## Exercise directions
The required answer is the run of lines from the one holding "RADIO EDIT: amazon.com/dp/B0D448PD4Q" to the end of the data below, copied exactly and free of pictures.

## Excerpts from a dataset

===

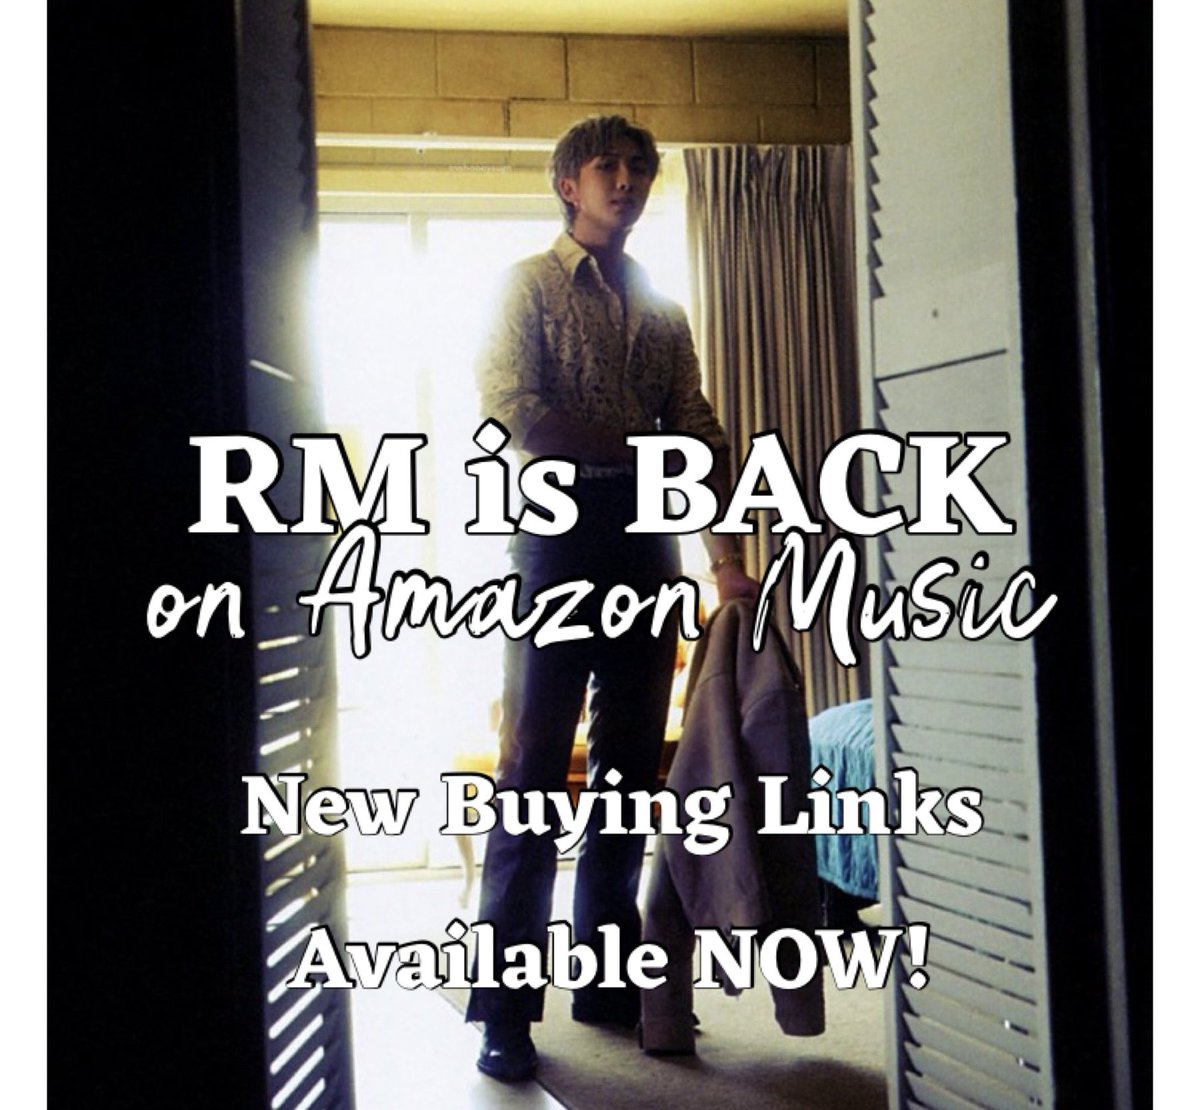 ***NEW***
AMAZON BUYING LINKS

We have new Amazon buying links:

OG: amazon.com/Come-back-me-R…

RADIO EDIT: amazon.com/dp/B0D448PD4Q

🖇️ are also updated in carrd: army-onrpwp.carrd.co 

 If you already bought on Amazon you cannot buy again with same acct.

#ARMYonAmazonMusic
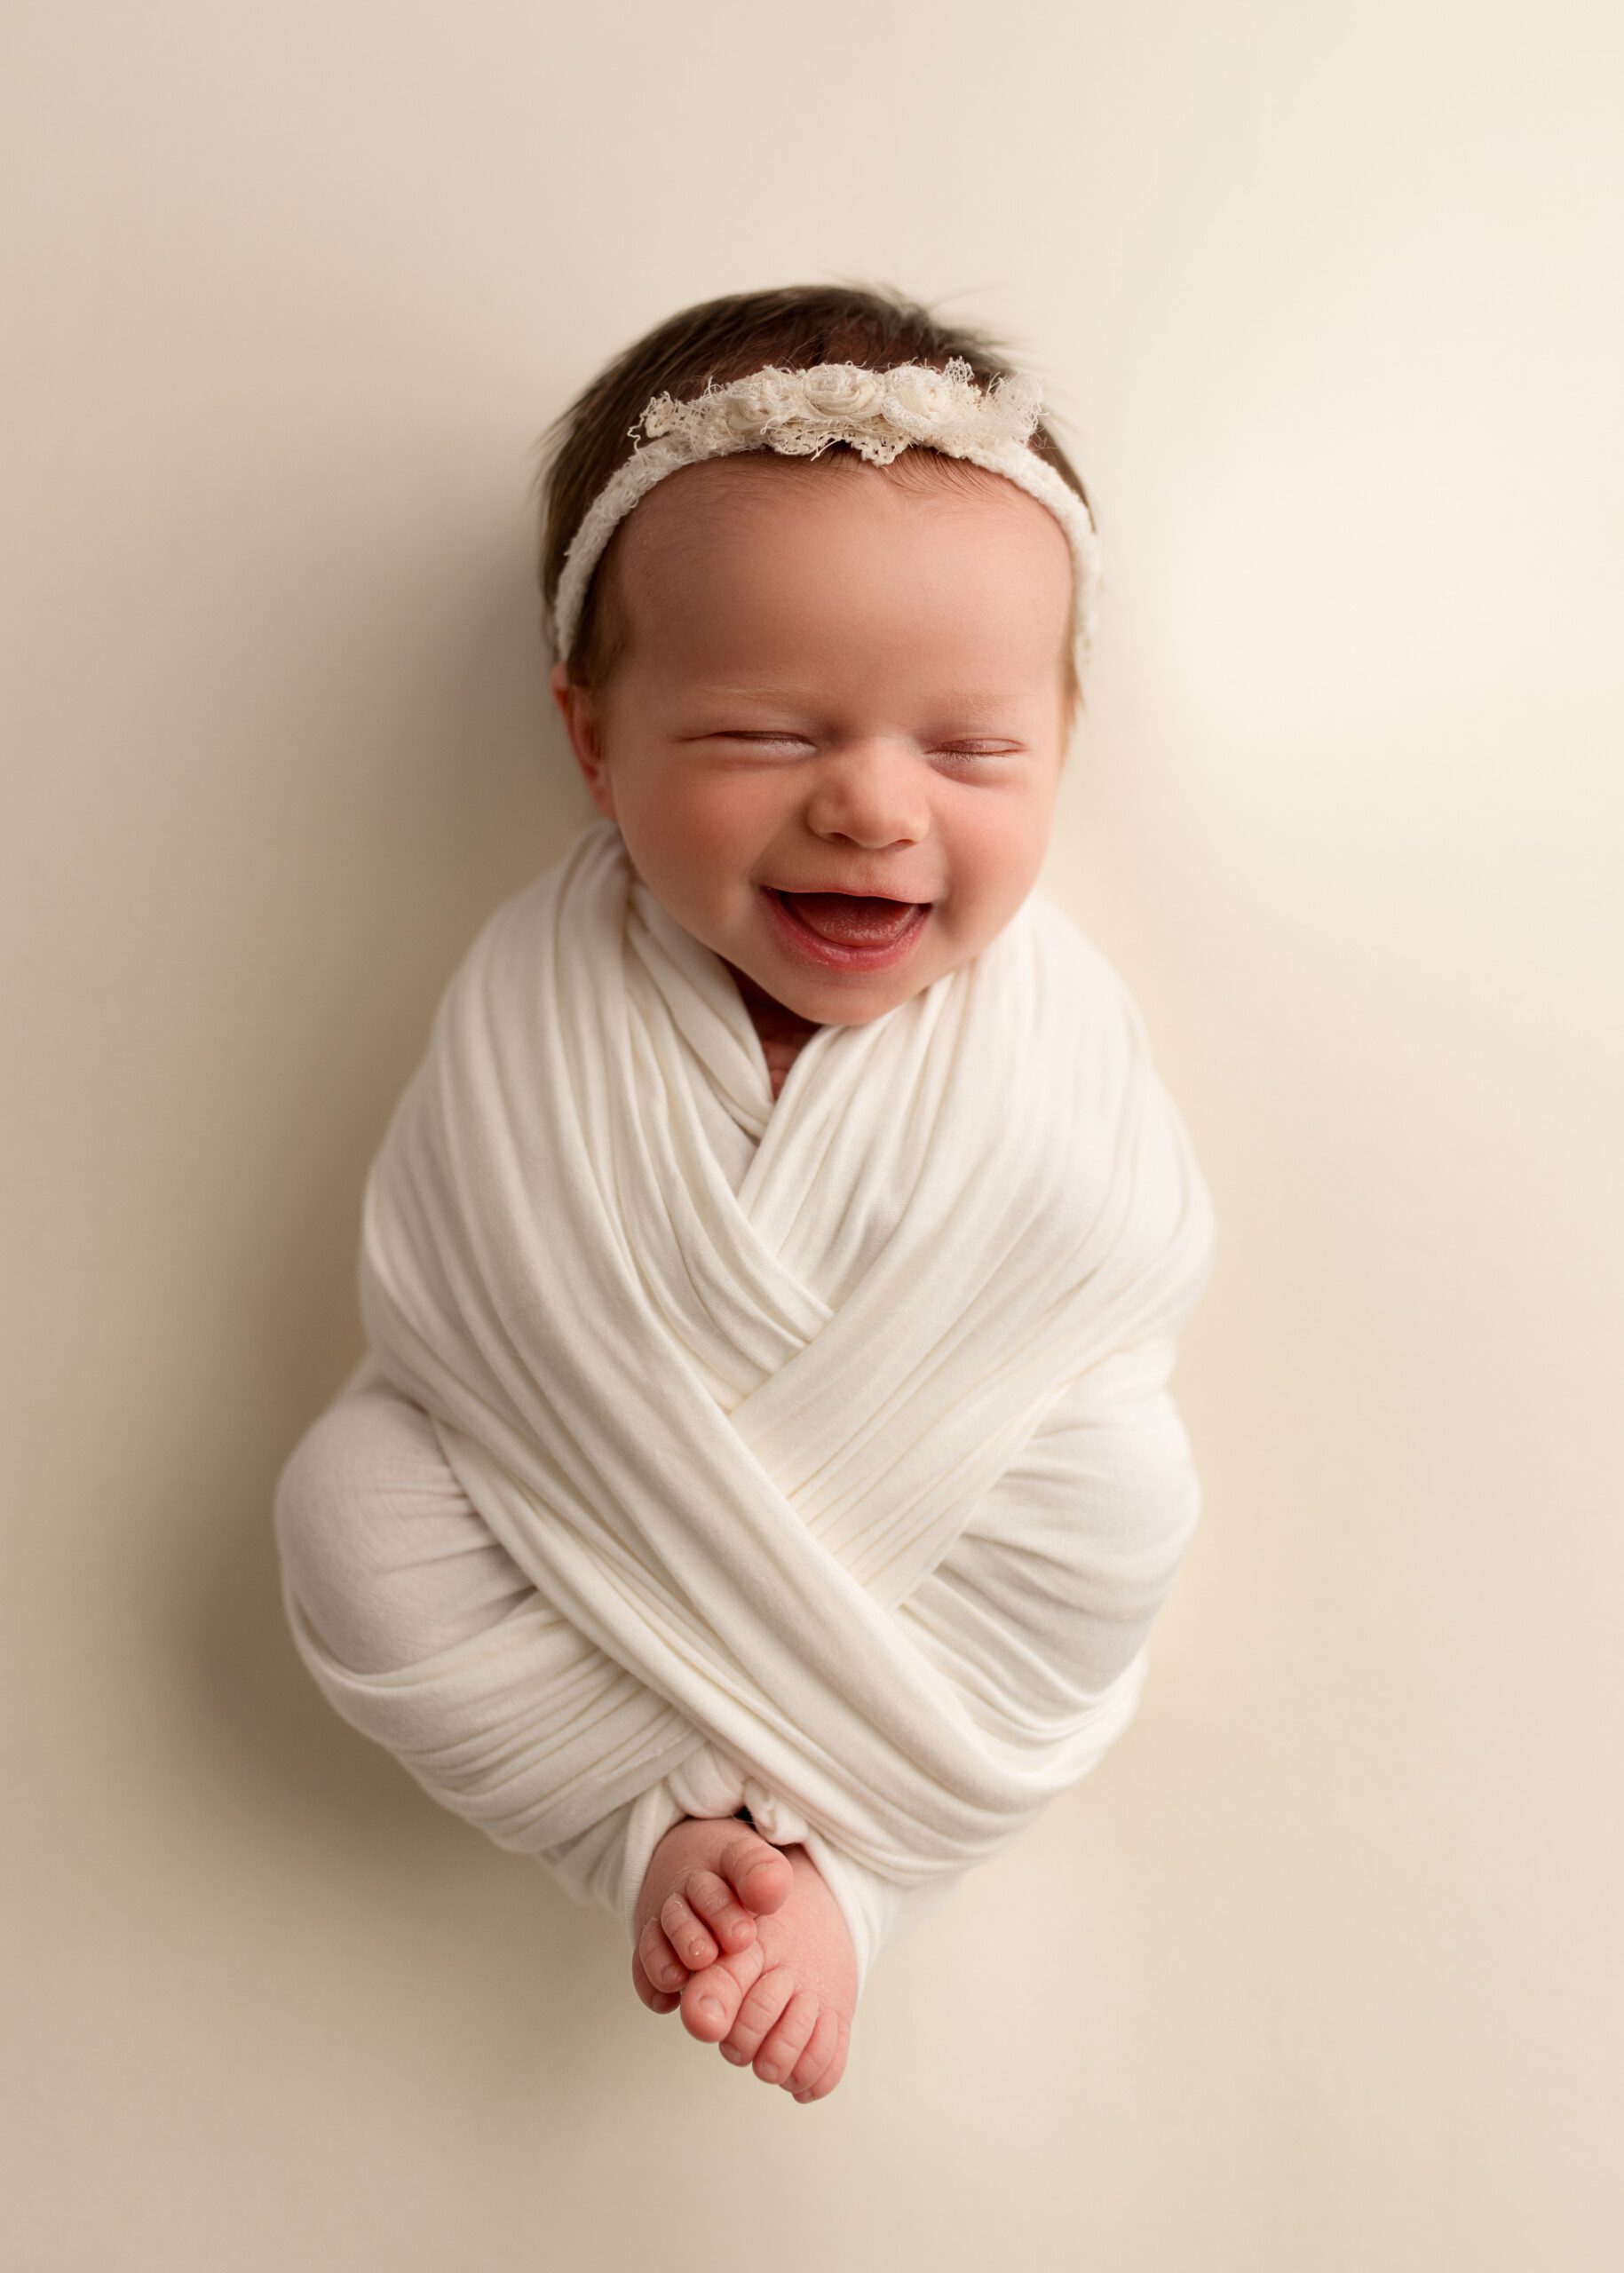 Swaddled Newborn baby girl smiling in Maria Angeles Photography Studio

===

## Solution for this exercise
RADIO EDIT: amazon.com/dp/B0D448PD4Q

🖇️ are also updated in carrd: army-onrpwp.carrd.co 

 If you already bought on Amazon you cannot buy again with same acct.

#ARMYonAmazonMusic
 Swaddled Newborn baby girl smiling in Maria Angeles Photography Studio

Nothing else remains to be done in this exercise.